**SUPPLIED ENTRIES**
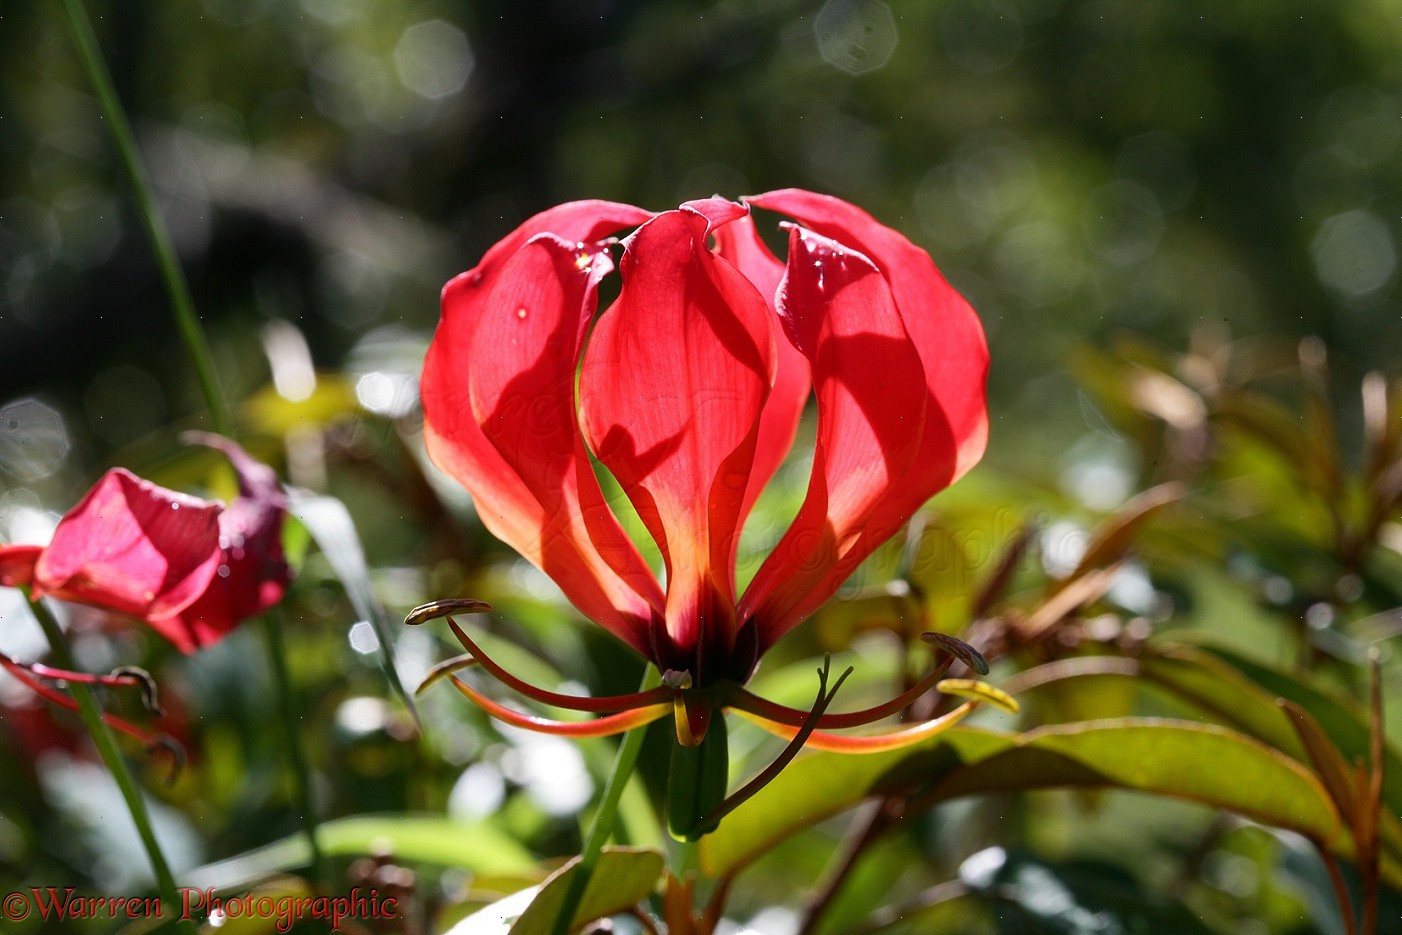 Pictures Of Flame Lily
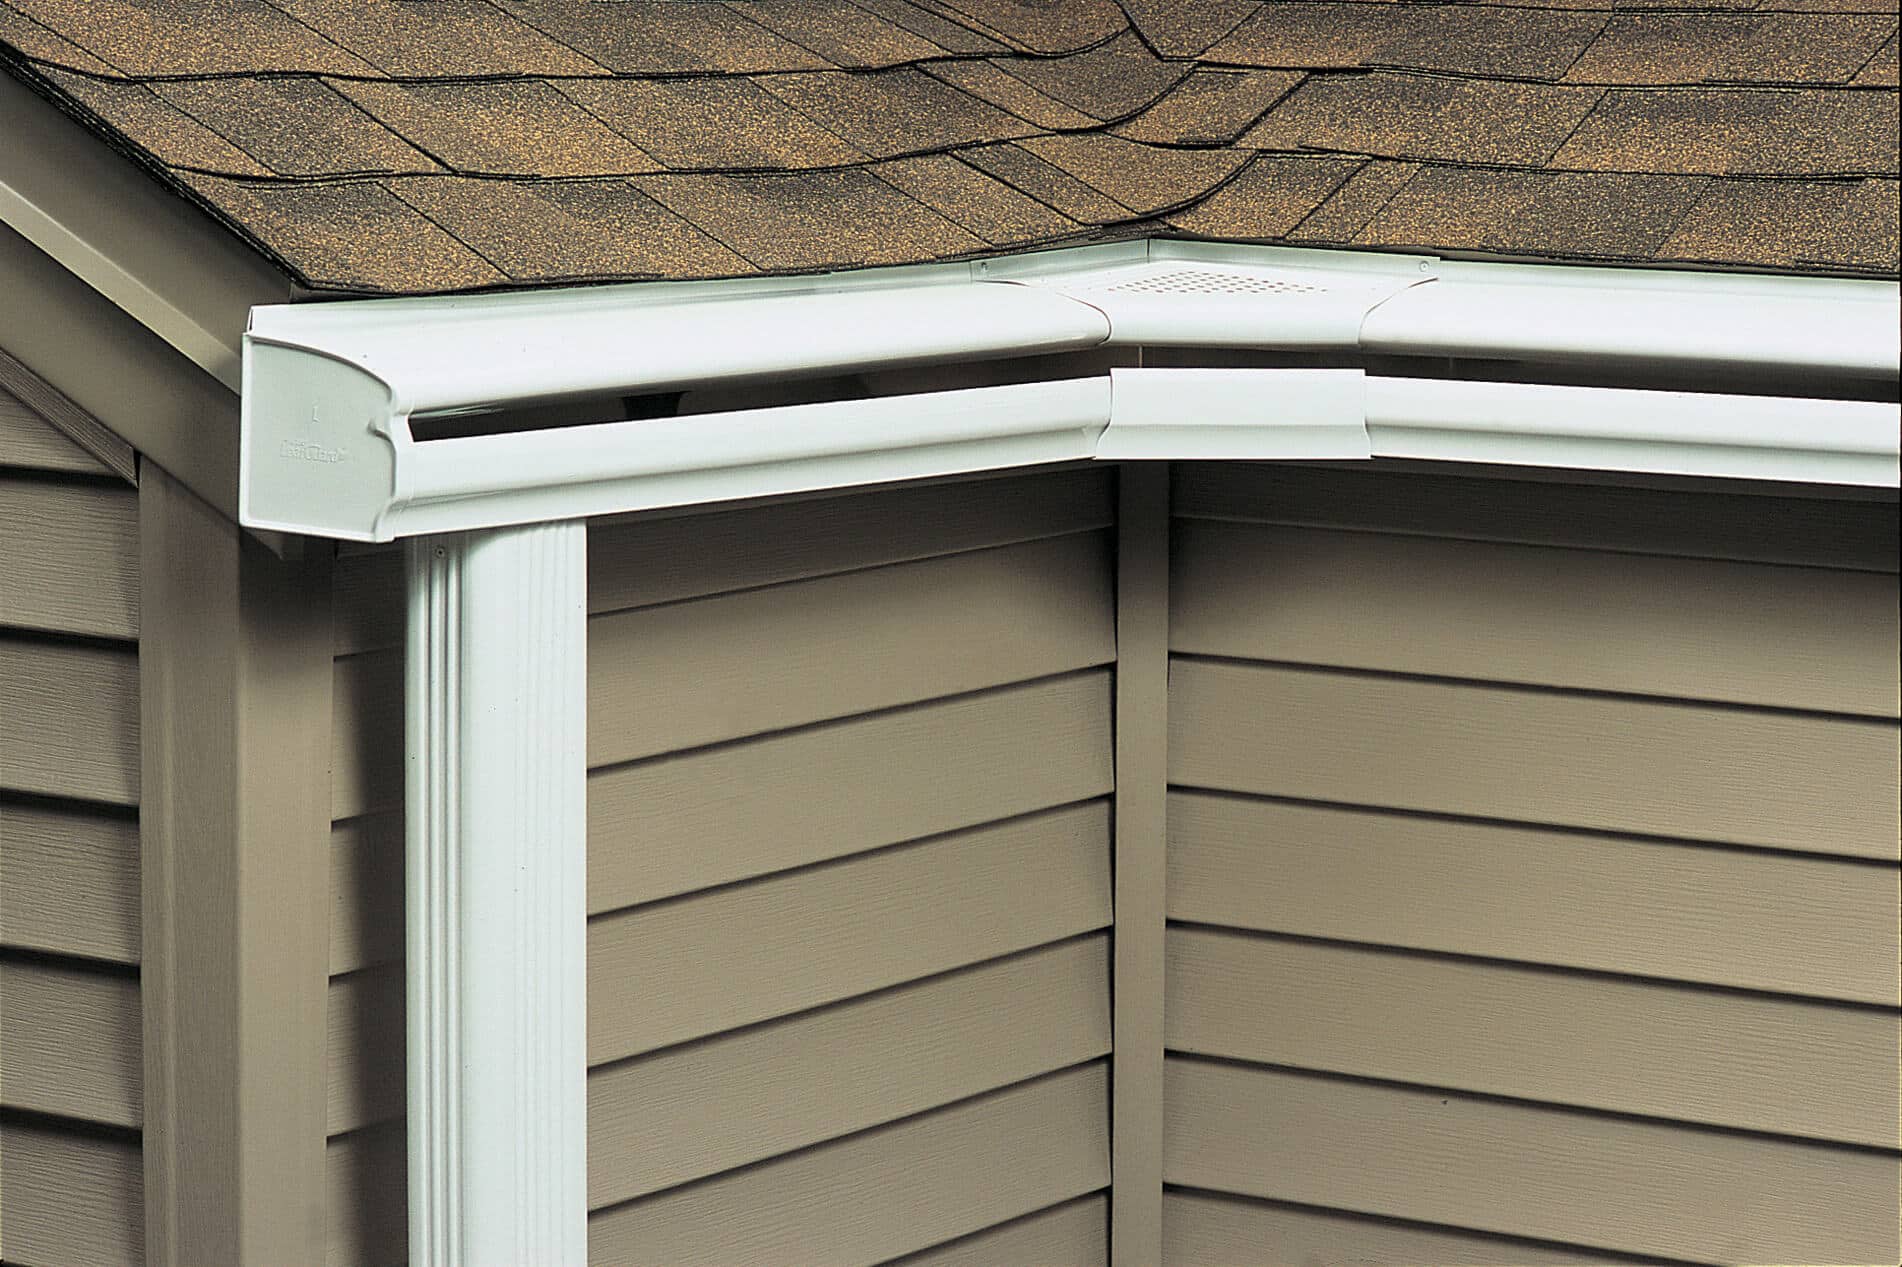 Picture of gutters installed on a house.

---

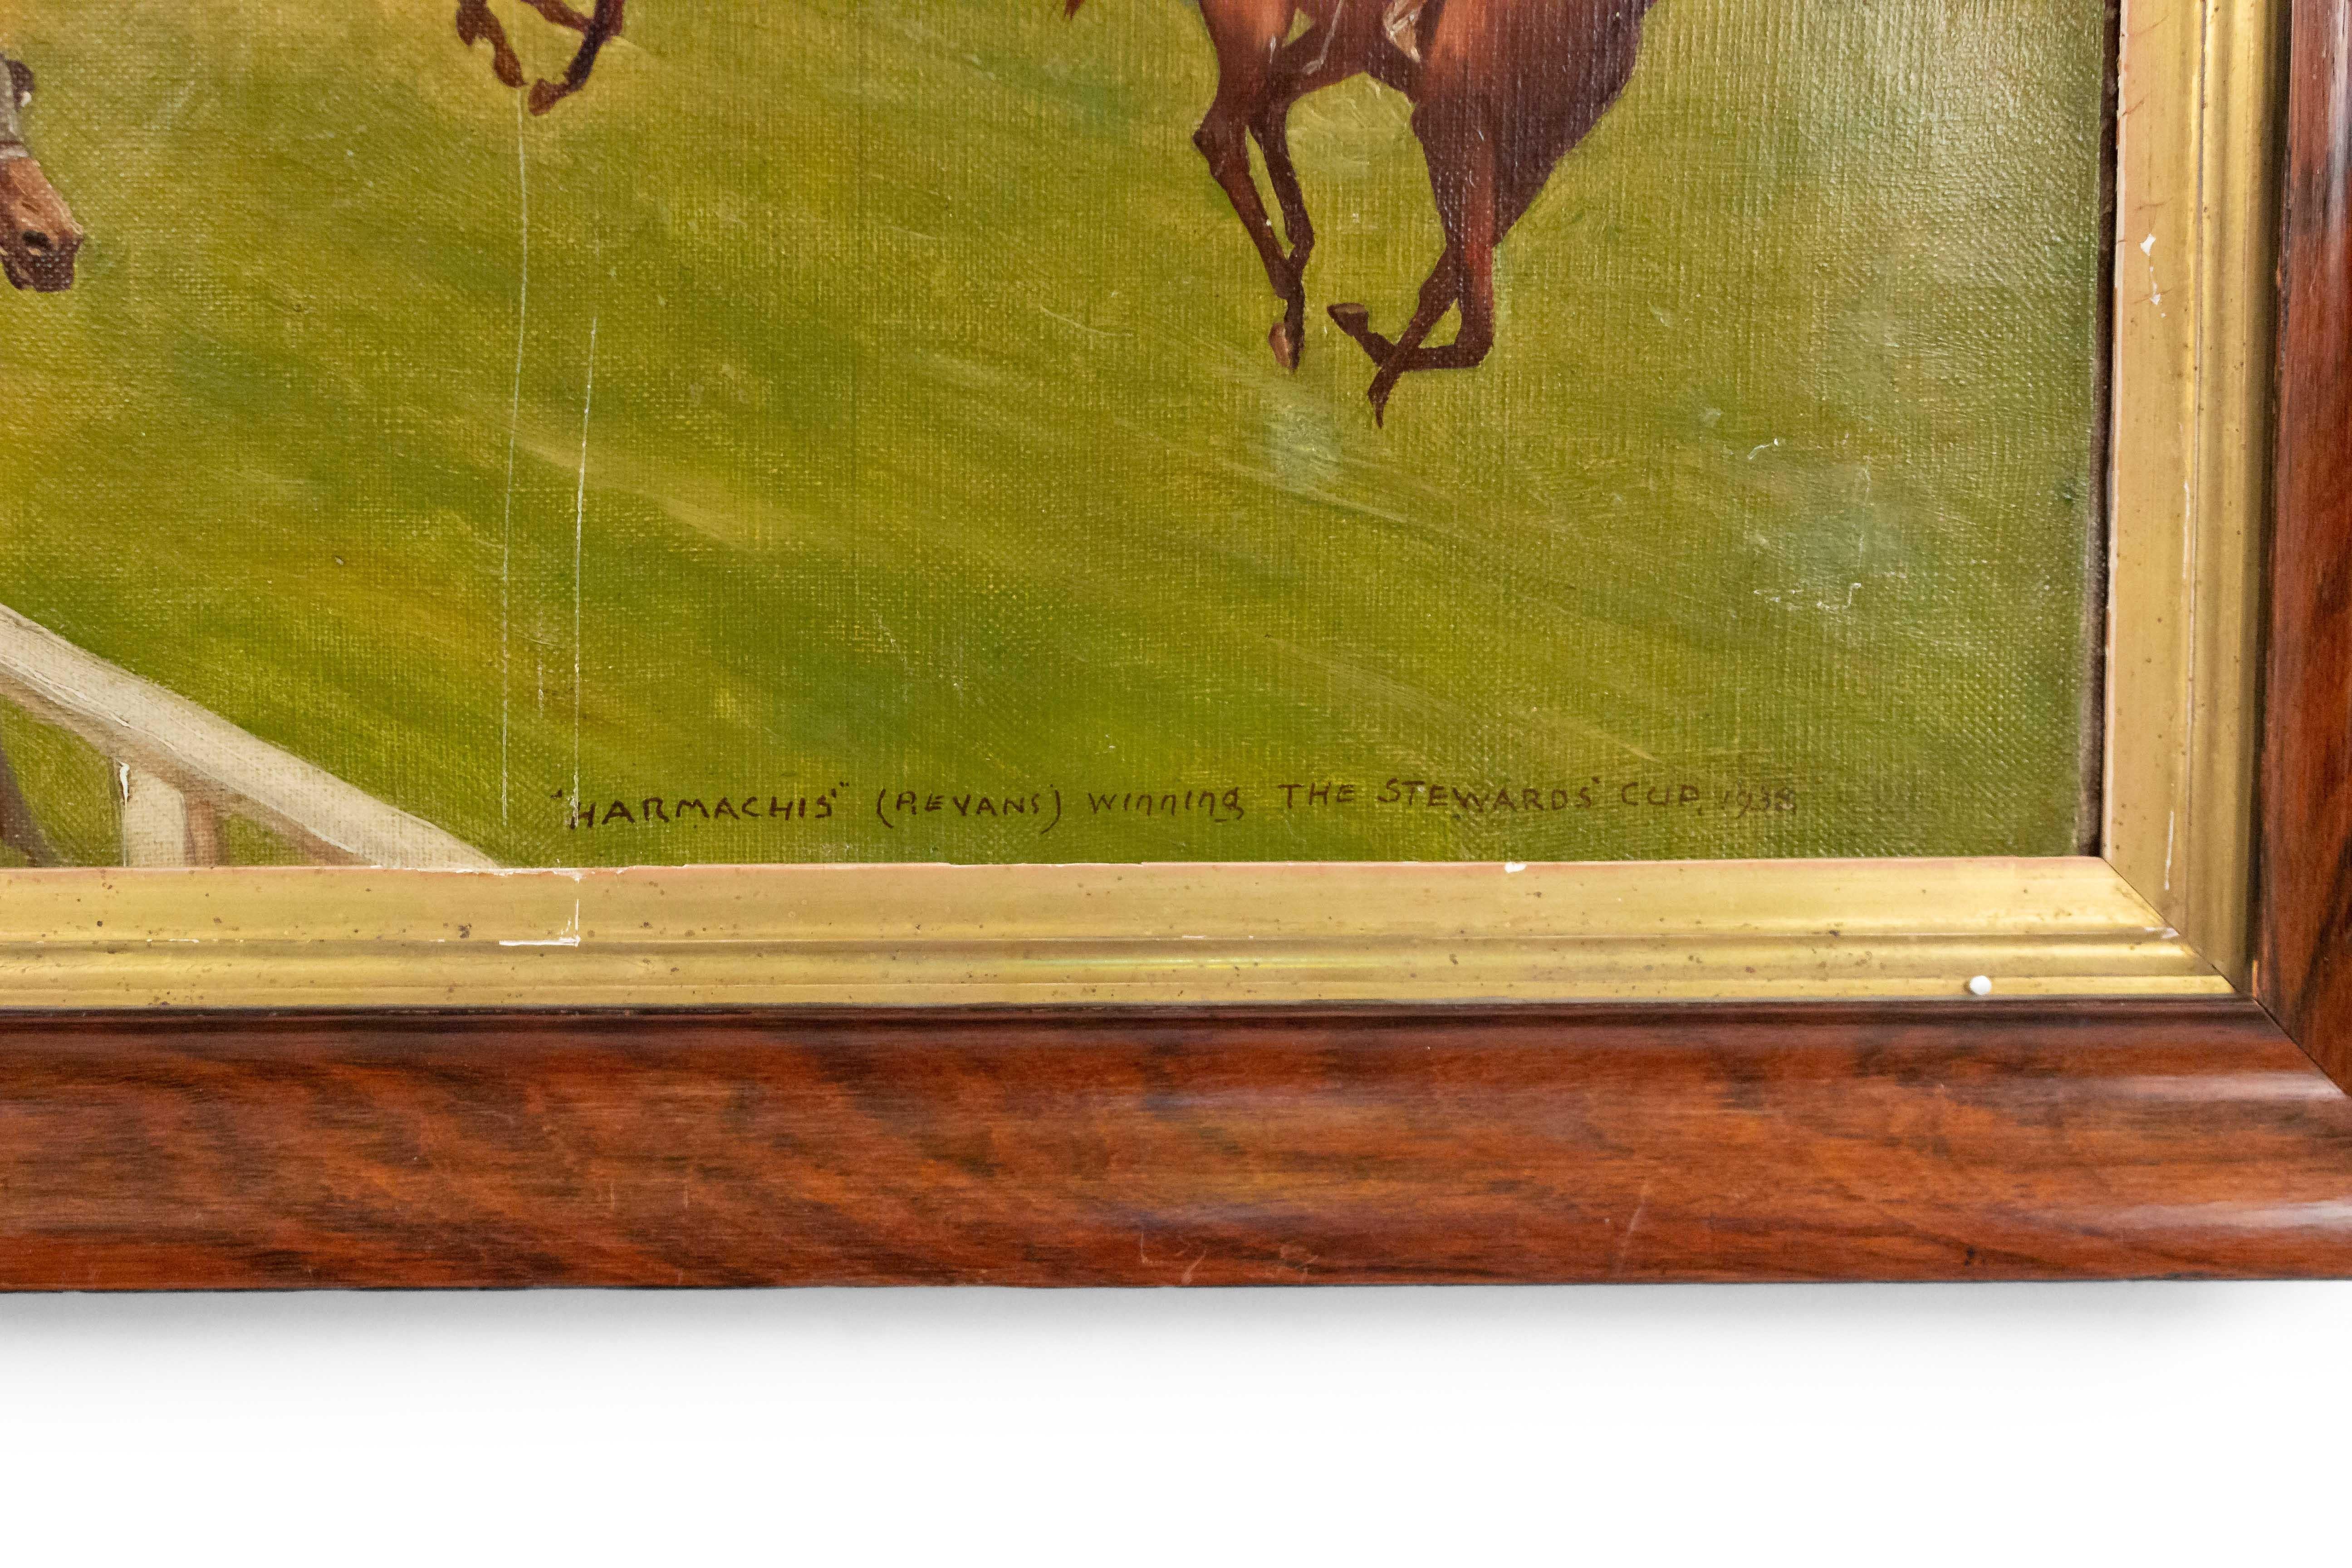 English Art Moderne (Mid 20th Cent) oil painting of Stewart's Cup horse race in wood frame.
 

--

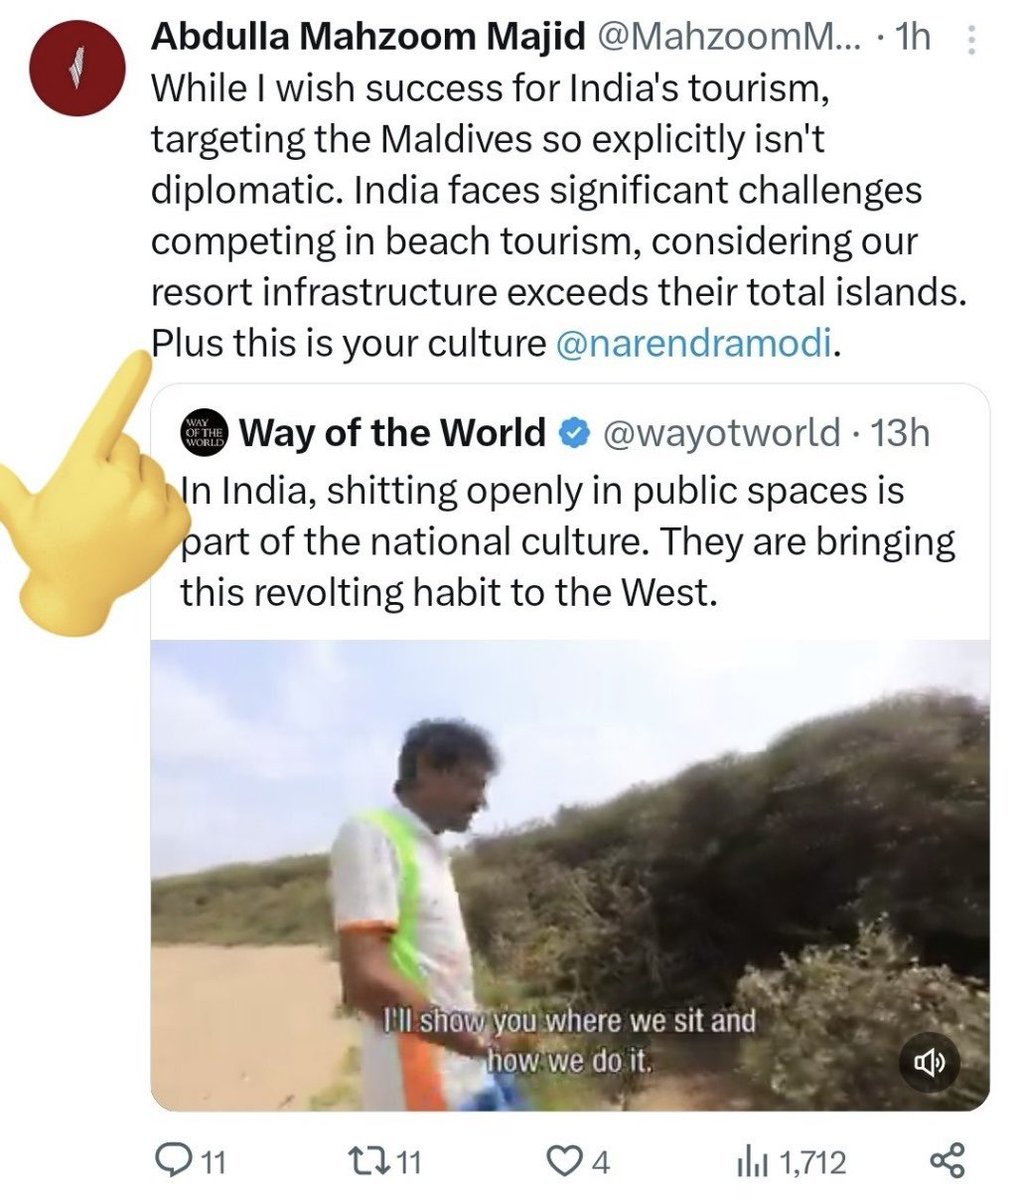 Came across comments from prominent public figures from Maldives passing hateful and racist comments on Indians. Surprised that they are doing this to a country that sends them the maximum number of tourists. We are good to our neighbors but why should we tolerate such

**TASK TO CARRY OUT**
Each line above starting at the one holding "Pictures Of Flame Lily" and ending at the one holding "Picture of gutters installed on a house." should be set down exactly as it stands, both ends included, with no pictures.

**EXERCISE RESULT**
 Pictures Of Flame Lily
 Picture of gutters installed on a house.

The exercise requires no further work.